Business & Individual Tax - PYAPC
Published March 6, 2015

FASB’s Final Guidance on Accounting for Intangible Assets in Business Combinations by Private Companies

Overview

Based on consensus reached by the Private Company Council (PCC), the Financial Accounting Standards Board (FASB) issued final guidance at the end of 2014 to help simplify the accounting for intangible assets acquired in a business combination by private companies. Specifically, Accounting Standards Update (ASU) No. 2014-18 (Update), Business Combinations (Topic 805): Accounting for Identifiable Intangible Assets in a Business Combination (ASC 805), will allow private companies to recognize fewer intangible assets in a business combination separate from goodwill.


Key Takeaways:

  • FASB’s final guidance in ASC 805, update No. 2014-18, allows private companies to simplify their accounting by recognizing fewer intangible assets in a business combination and certain other transactions.
  • The companies that elect this accounting alternative must also elect the goodwill accounting alternative for private companies in ASU 2014-02.
  • If this alternative accounting method is desired, a company must adopt it for the first qualifying transaction occurring in fiscal years beginning after December 15, 2015. Early adoption is allowable if a company has not yet made its fiscal year 2014 financial statements available for issuance. Later adoption would be considered a voluntary change in accounting principle, which would be appropriate only if that change was determined to be preferable.
  • Most hospitals and health systems will not have the opportunity to adopt this provision as ASC 805 defines “private company” as “an entity other than a public business entity, a not-for-profit entity, or an employee benefit plan within the scope of Topics 960 through 965 on plan accounting.” However, FASB has added a project to its agenda to consider similar guidance (see explanation further herein) for public business entities and not-for-profits. The timing for any similar changes is not yet clear.

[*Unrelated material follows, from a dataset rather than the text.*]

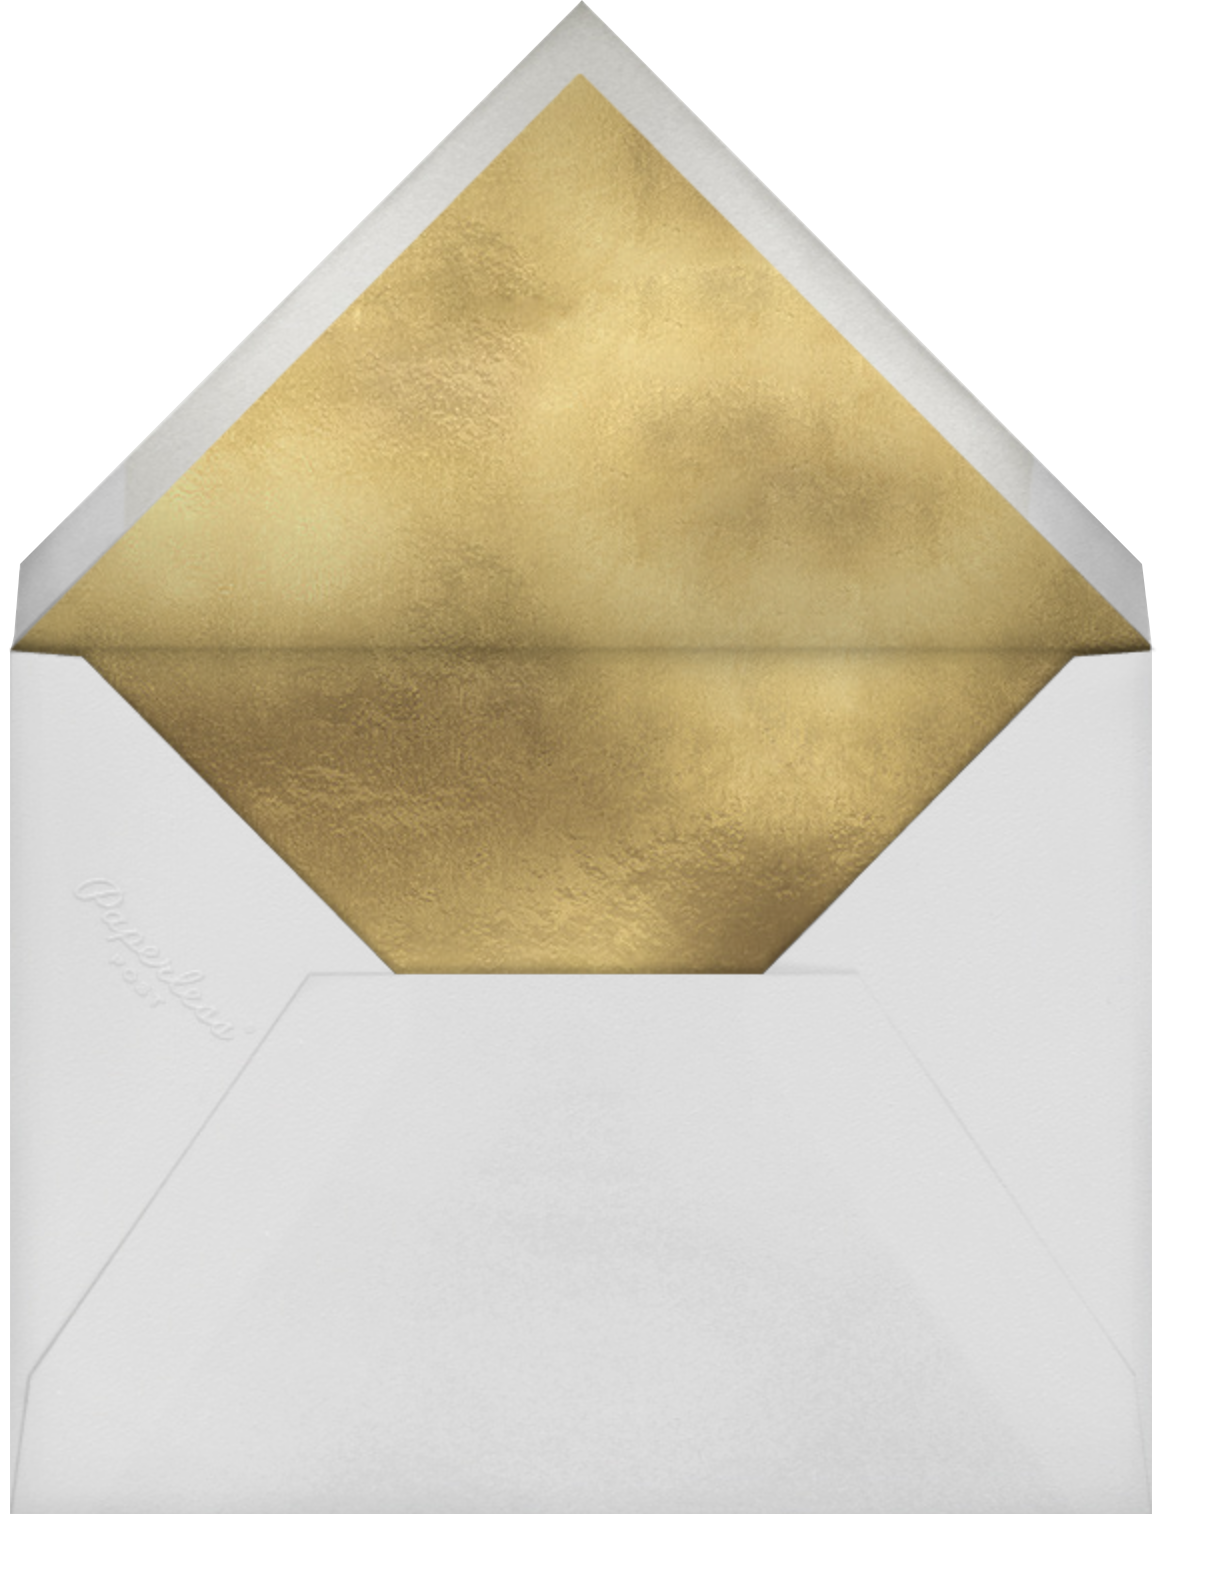 Our Adventure Begins - Paperless Post - Envelope

Main Provisions of the Update

The Update allows private companies to avoid the cost and complexity associated with recognizing and measuring certain customer-related intangible assets and non-competition agreements. Specifically, a private company that elects this accounting alternative would no longer recognize separately from goodwill:

  • Customer-related intangible assets, unless they are capable of being sold or licensed independently from the other assets of the business.
  • Non-competition agreements.

Companies that elect the new alternative accounting treatment will also be required to elect the goodwill accounting alternative in ASU 2014-02, which requires goodwill to be amortized over a period of ten years or less. However, companies that elect the goodwill accounting alternative would not be required to elect the new intangible assets accounting alternative.

Impact of Update

The accounting alternative applies when a private company is required to recognize or otherwise consider the fair value of intangible assets as a result of any one of the following transactions:

  • Applying the acquisition method under ASC 805, Business Combinations.
  • Assessing the nature of the difference between the carrying amount of an investment and the amount of underlying equity in net assets of an investee when applying the equity method under Topic 323 on investments—equity method and joint ventures.
  • Adopting fresh-start reporting in accordance with Topic 852 on reorganizations.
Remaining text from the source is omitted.